* **TASK DIRECTIONS**:
Reproduce the listing in full. Omit the pictures.

* **THE DATA**:

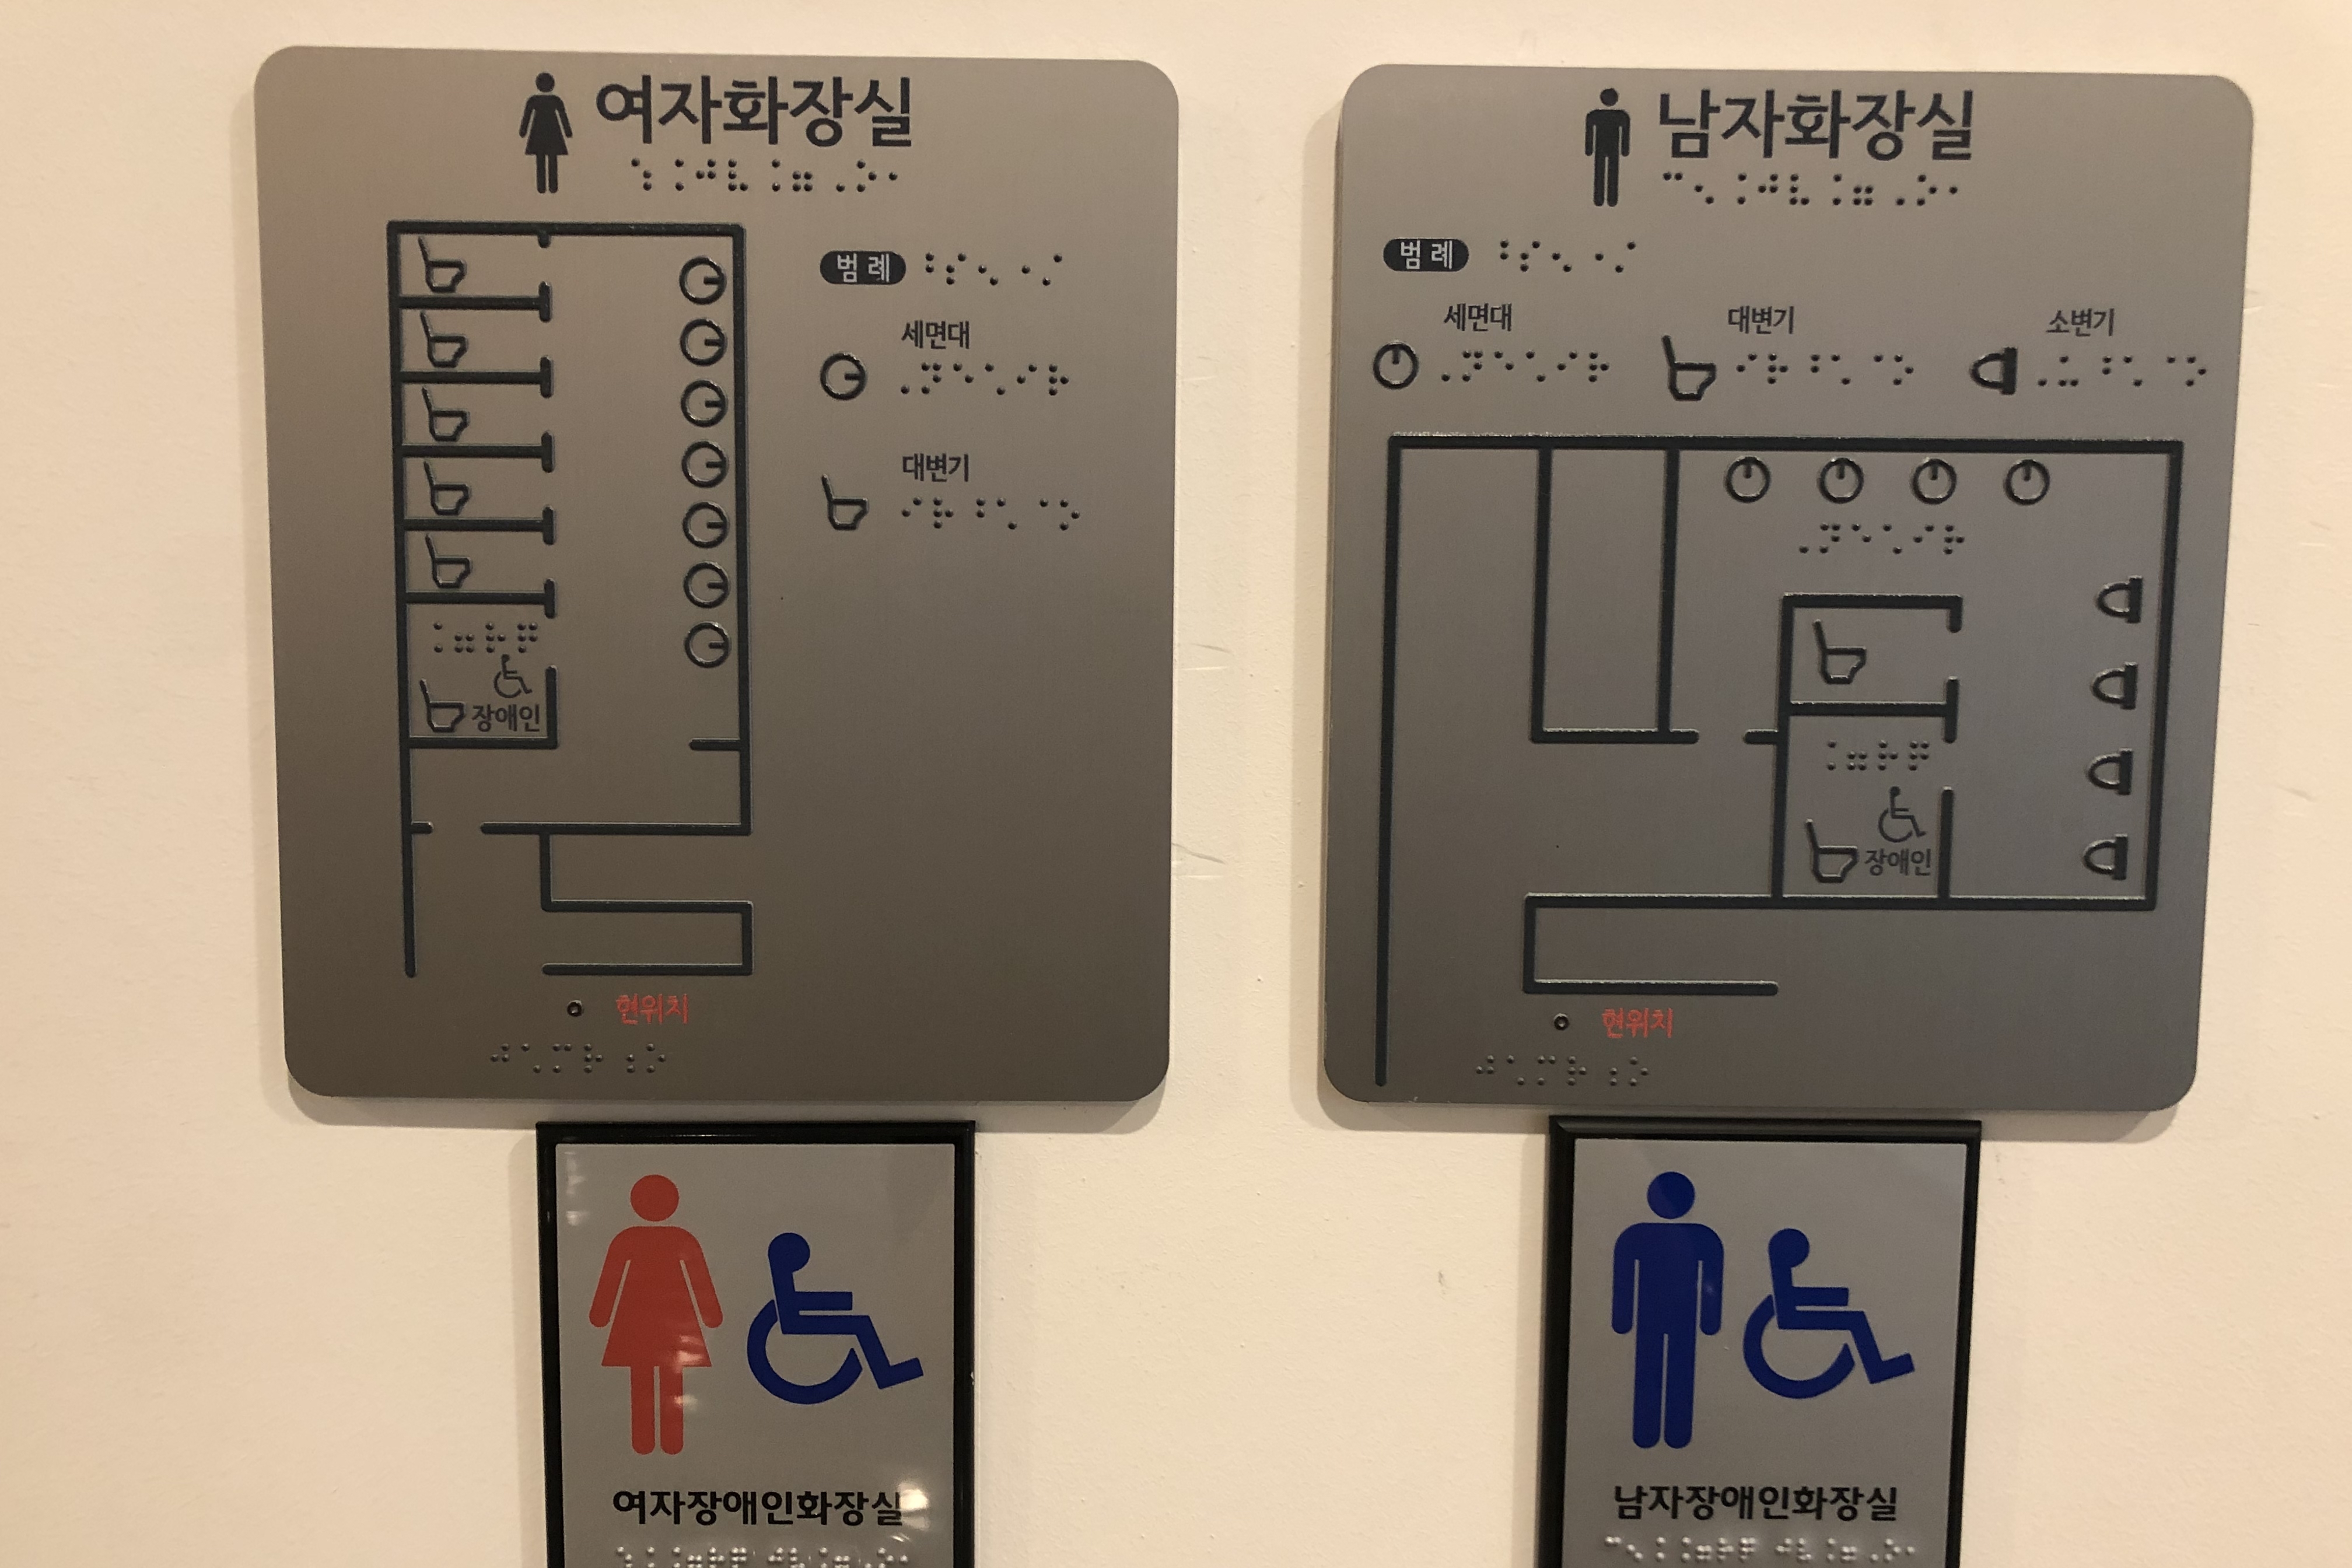 장애인 화장실0 : 여자화장실, 남자화장실 점자안내판
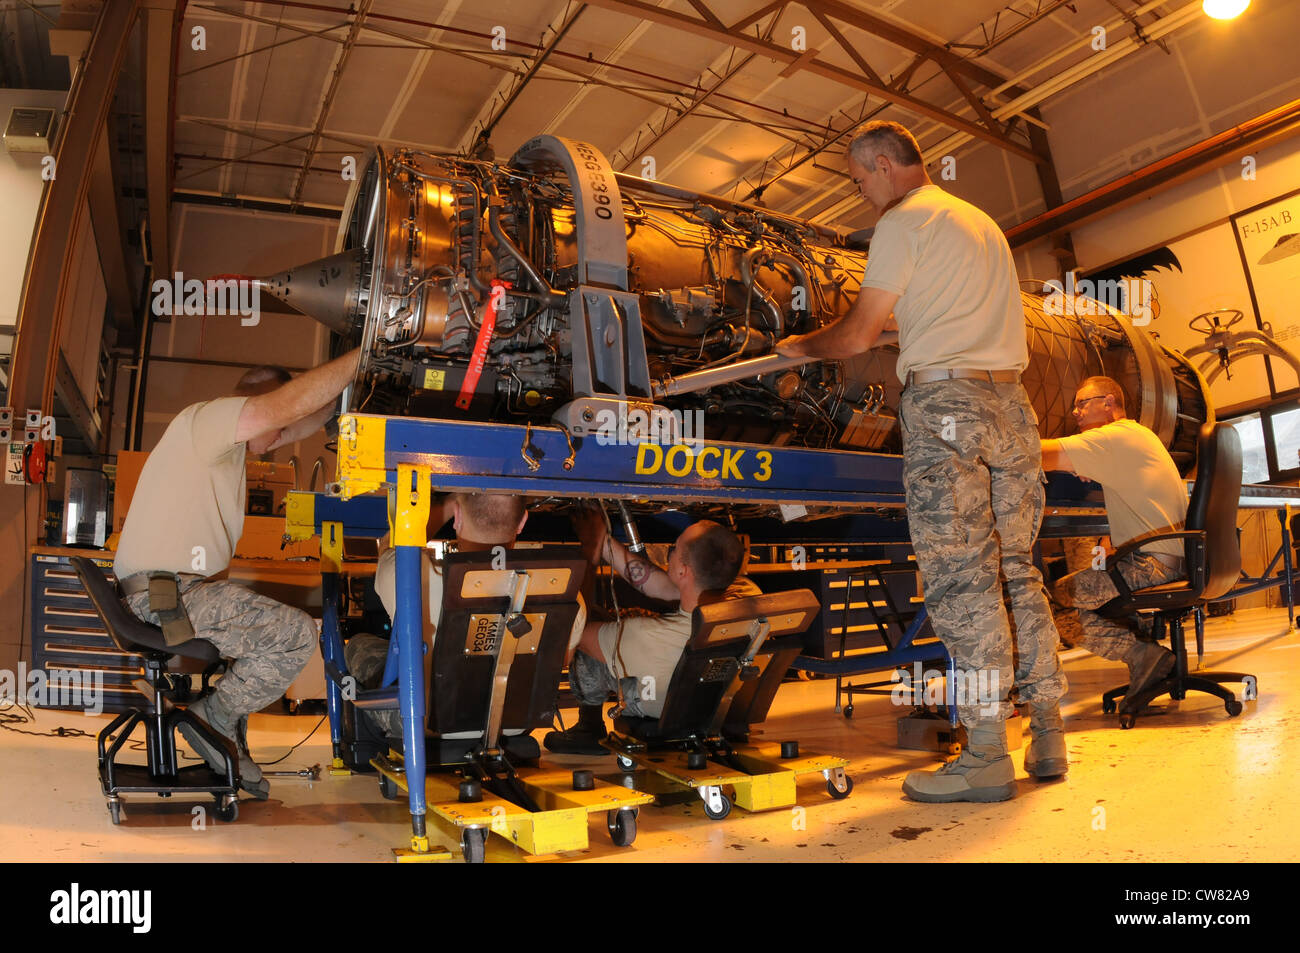 Les membres de l'atelier de propulsion de la Garde nationale aérienne, 173e aile de chasseurs, effectuent des tâches d'entretien, y compris l'inspection du noyau d'un moteur F-15 pour détecter les imperfections à l'aide d'une caméra à Kingsley Field, en Ontario, le 15 août 2012. La caméra d'endoscope utilisée à l'intérieur du moteur permet de détecter et de documenter une déchirure dans le noyau du moteur. Banque D'Images
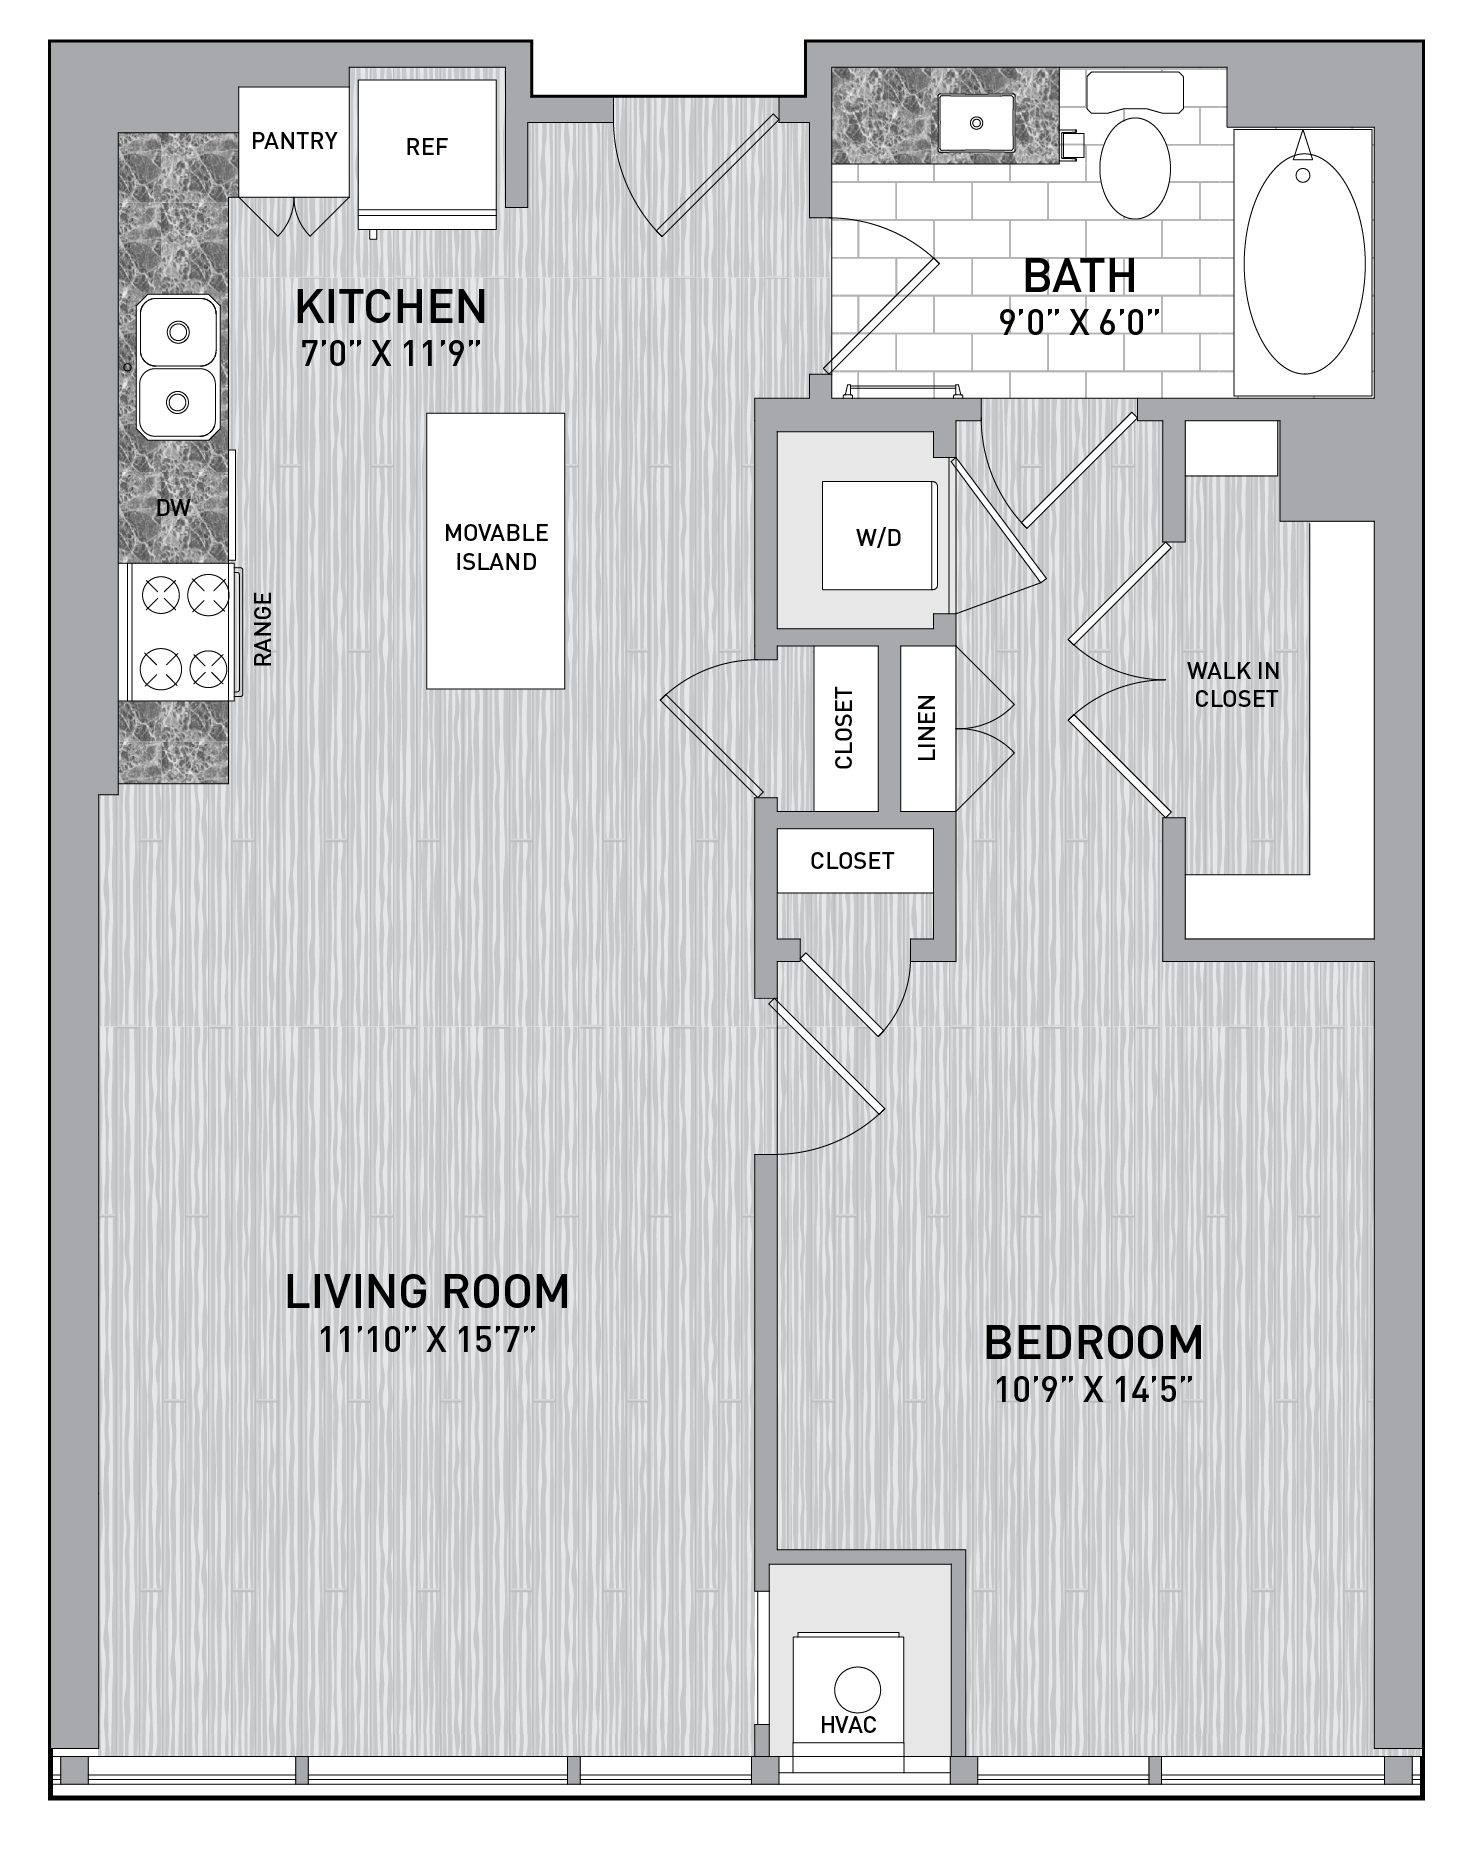 floorplan image of unit id 0316
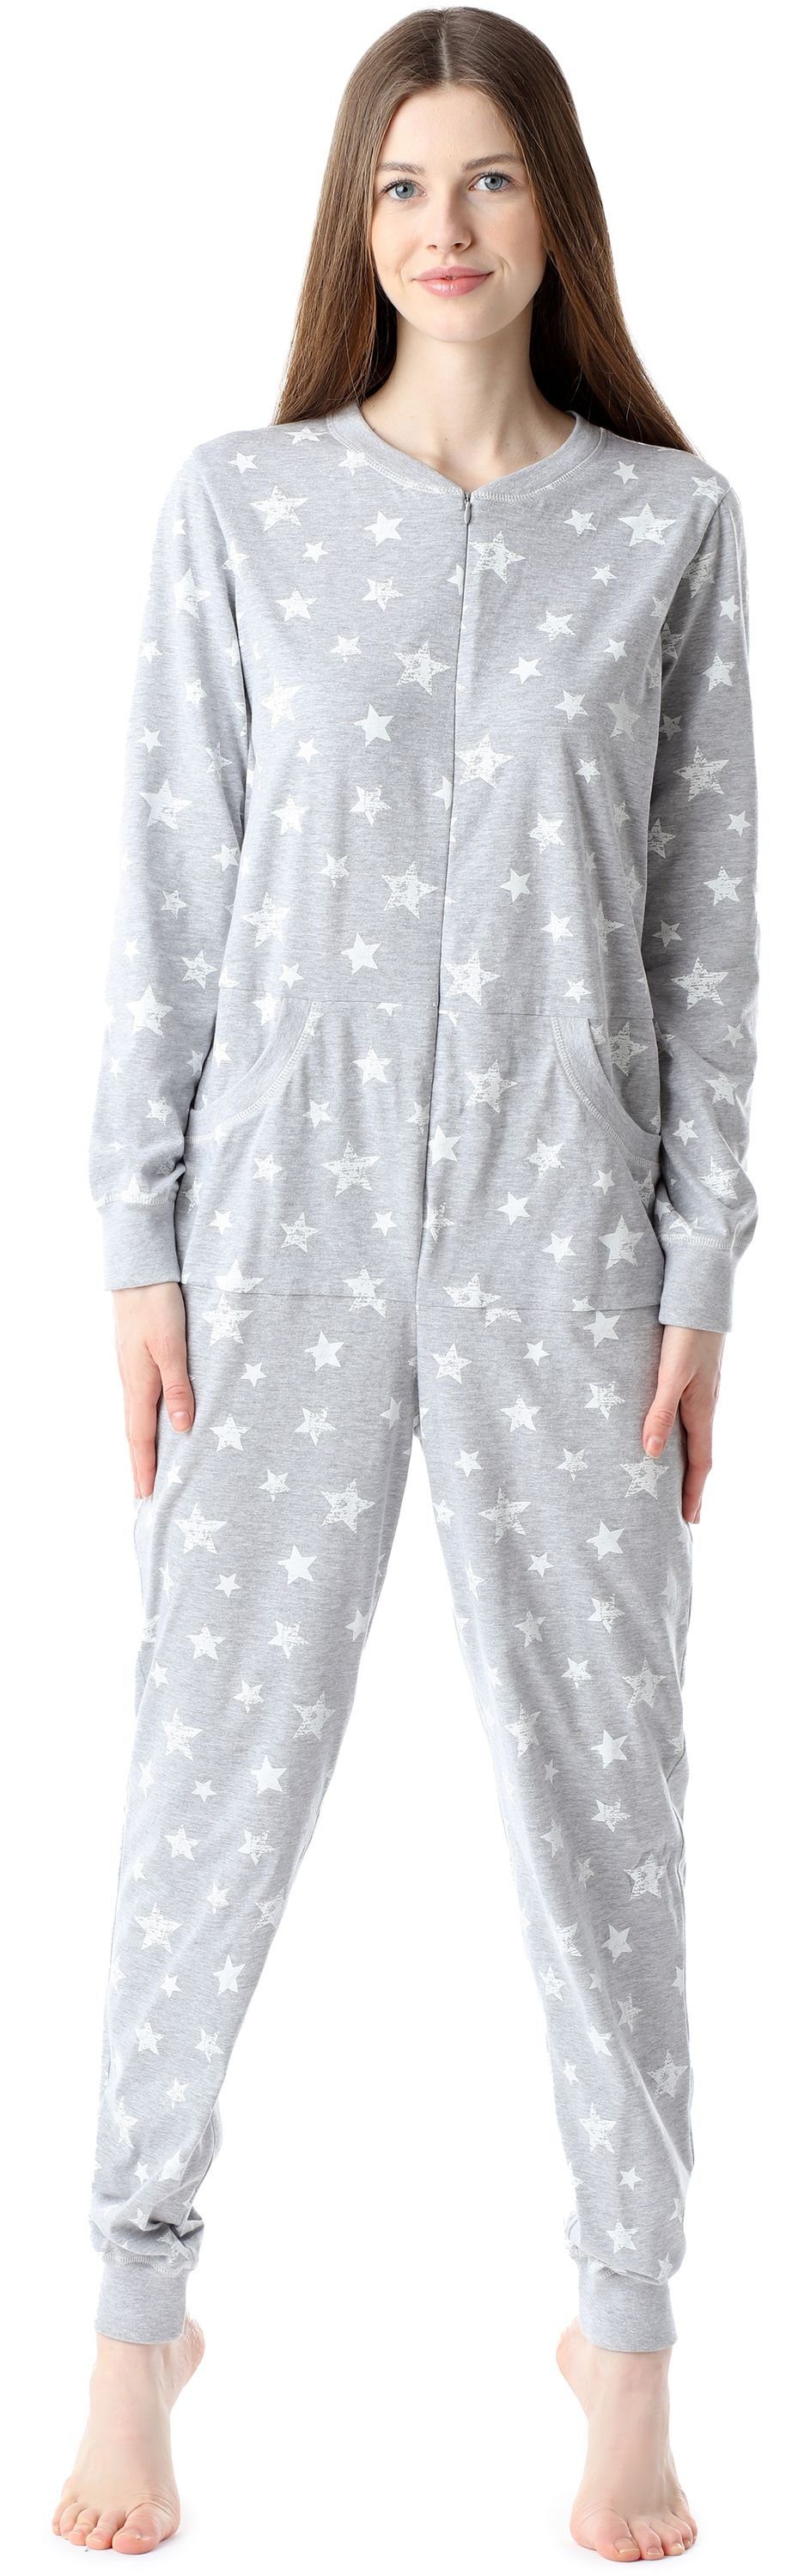 Bellivalini Pyjama Damen Schlafanzug Schlafoverall BLV50-206 Melange/Ecru Sterne

* **RESPONSE TO THE EXERCISE**:
 장애인 화장실0 : 여자화장실, 남자화장실 점자안내판
 Les membres de l'atelier de propulsion de la Garde nationale aérienne, 173e aile de chasseurs, effectuent des tâches d'entretien, y compris l'inspection du noyau d'un moteur F-15 pour détecter les imperfections à l'aide d'une caméra à Kingsley Field, en Ontario, le 15 août 2012. La caméra d'endoscope utilisée à l'intérieur du moteur permet de détecter et de documenter une déchirure dans le noyau du moteur. Banque D'Images
 floorplan image of unit id 0316
 Bellivalini Pyjama Damen Schlafanzug Schlafoverall BLV50-206 Melange/Ecru Sterne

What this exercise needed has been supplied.